Ill. rights group: Electric prod was used on animals
By Dale Quinn
Arizona Daily Star
Feb. 27, 2008
Tucson, Arizona-An Illinois-based animal-rights organization has filed a complaint claiming that horses at this year's Fiesta de Los Vaqueros were treated with unnecessary cruelty.
The group called SHARK, or Showing Animals Respect and Kindness, filed the complaint Monday morning with the animal services division in Arizona's Department of Agriculture because horses were shocked with an electric prod during the rodeo, said Janet Enoch, a SHARK investigator.
The group claims the use of electric prods on the horses violates a city ordinance that prohibits a person from inflicting unnecessary cruelty upon an animal.
Ed Hermes, a spokesman for the animal services division in the Department Agriculture, confirmed that the agency is investigating the abuse claim. "We take any case with animal abuse allegations very seriously," Hermes said. Fabian Pacheco, a spokesman for the Tucson Police Department, said the department has received no complaint regarding the group's claim, and no investigation has been initiated.
Steve Hindi, SHARK's president and founder, said he took video footage of horses being shocked with a prod that can deliver what he described as up to 6,000 volts of electricity.
In a video posted on the video- sharing Web site YouTube.com, men can be seen pressing a black, hand-held device against horses' flanks once riders are on top of the horses and the stall gates swing open. The men then appear to try to hide the device from view as they step back from the stall.
Hermes said the Department of Agriculture has requested the unedited video so it can be examined during the investigation. A challenge may emerge for investigators because many of the people handling the animals may have already left the state, he said.
Hermes said he didn't know how long the investigation would take. "We're just in the information gathering stage," he said.
The Department of Agriculture had its own livestock officers at the rodeo and none of them witnessed animal abuse, Hermes said, but that doesn't mean it didn't occur.
Hindi said shocking the horses with such a prod is a painful and cruel way to get the animals to buck. He said his organization isn't opposed to rodeos, but it does work to make sure animals aren't treated cruelly when they take place. Gary Williams, the general manager of the Tucson Rodeo, said animals aren't treated cruelly at La Fiesta de los Vaqueros and it's important to remember that a horse's hide is much thicker than a human's skin.
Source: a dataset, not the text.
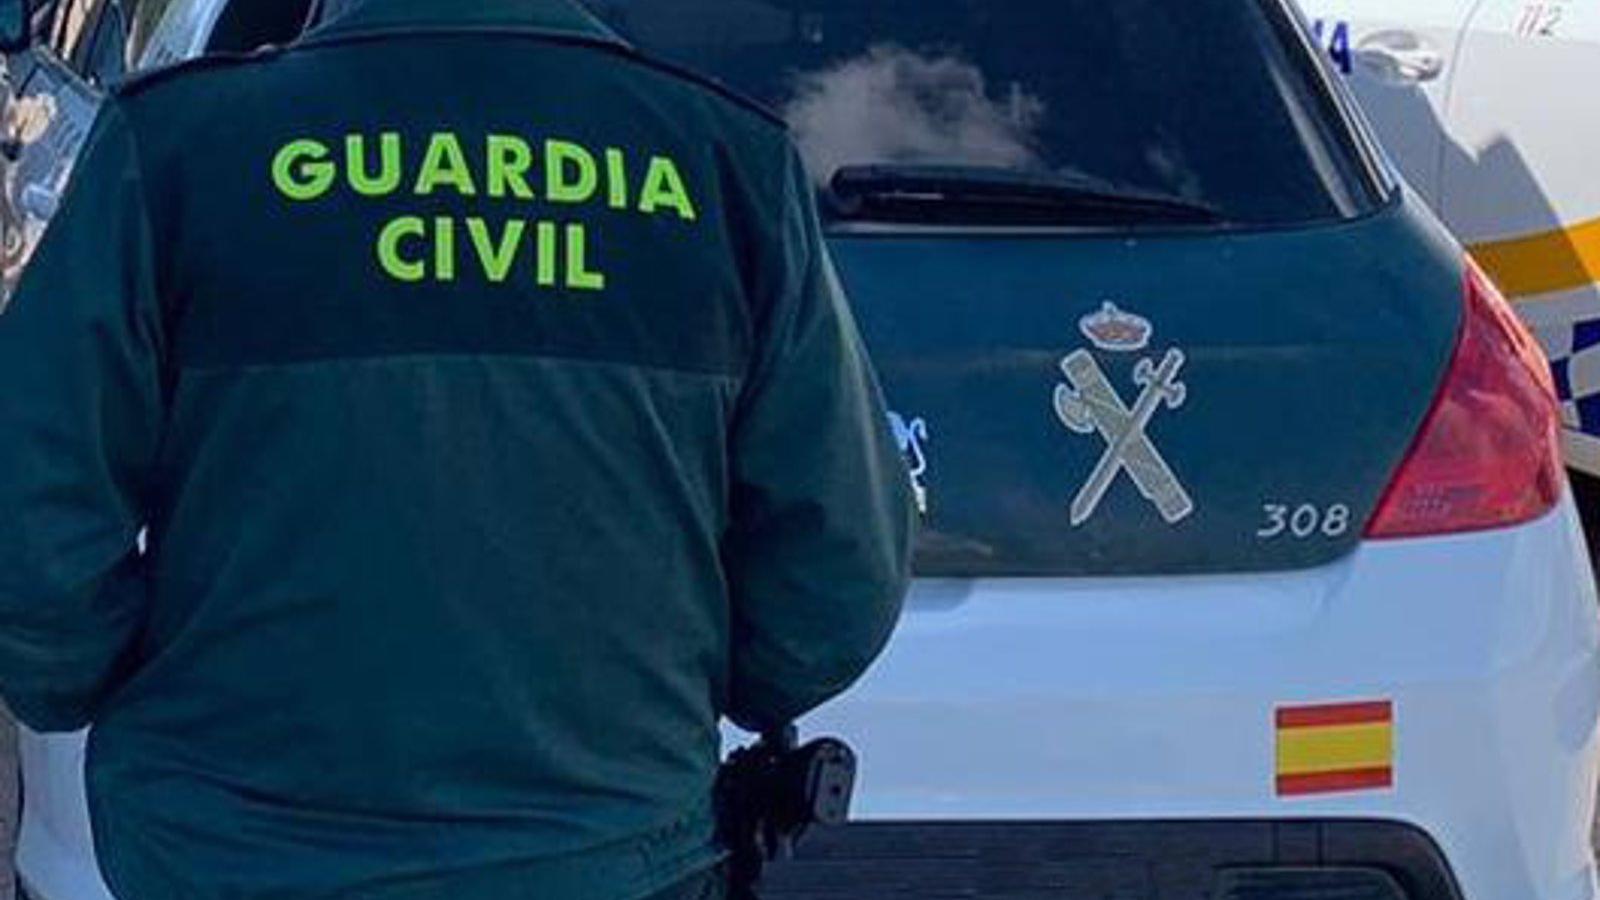 La Guardia Civil trata de identificar al hombre asesinado ayer en Villalba, posiblemente un indigente de la zona

He said the men involved work for the livestock provider contracted by the rodeo. He said the devices are used to get the animals out of the chute to prevent them from bucking in the enclosed area where the rider and horse might be hurt — a practice accepted by the Professional Rodeo Cowboys Association. Hindi has attacked many rodeos in the past, Williams said.
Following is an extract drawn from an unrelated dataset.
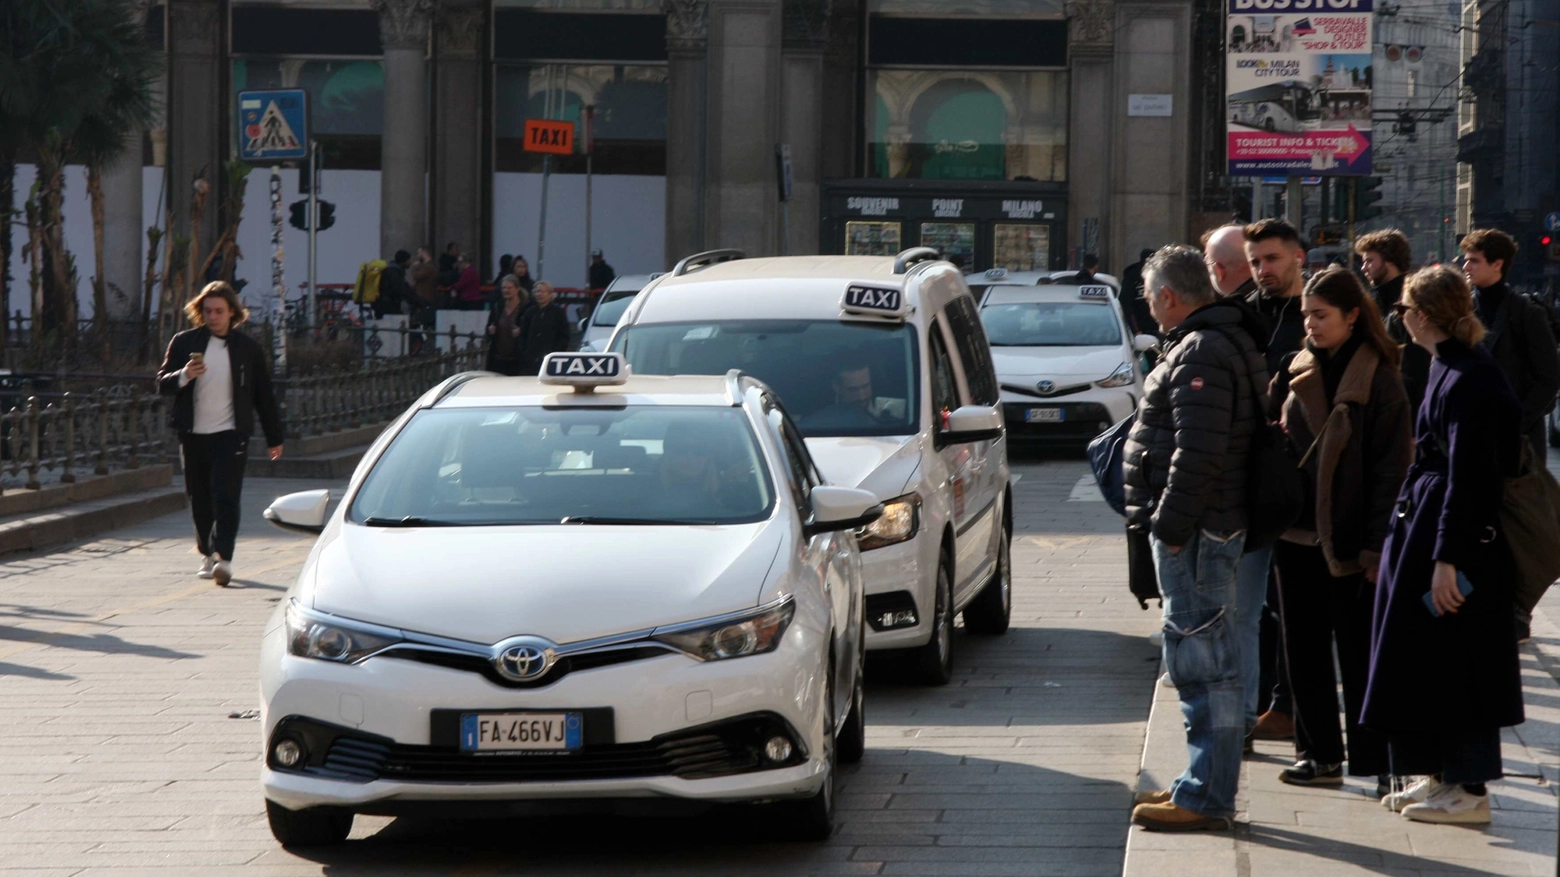 Persone in coda in attesa di un taxi libero a Milano

"It's pretty typical of Steve Hindi and his efforts at discrediting rodeos," he said.
Delivering a shock can be a humane way to get livestock to move from one place to another, Williams said. The handlers of the horses deliver the shock to get them out of a stall when the gate opens so they don't start bucking early, which could injure the horse or its rider, he said.
Beutler & Son Rodeo Co., based in Elk City, Okla., owns the animals used in the Tucson Rodeo, Williams said. The owners of the animals aren't going to mistreat them because animals that have been abused don't perform well in rodeos, he said.
Williams said there have never been allegations of cruelty at the Tucson Rodeo in the past.
Hindi said this is the first time SHARK has investigated the Tucson Rodeo. The organization has a small number of people working for it and there are many rodeos that its employees investigate, Hindi said.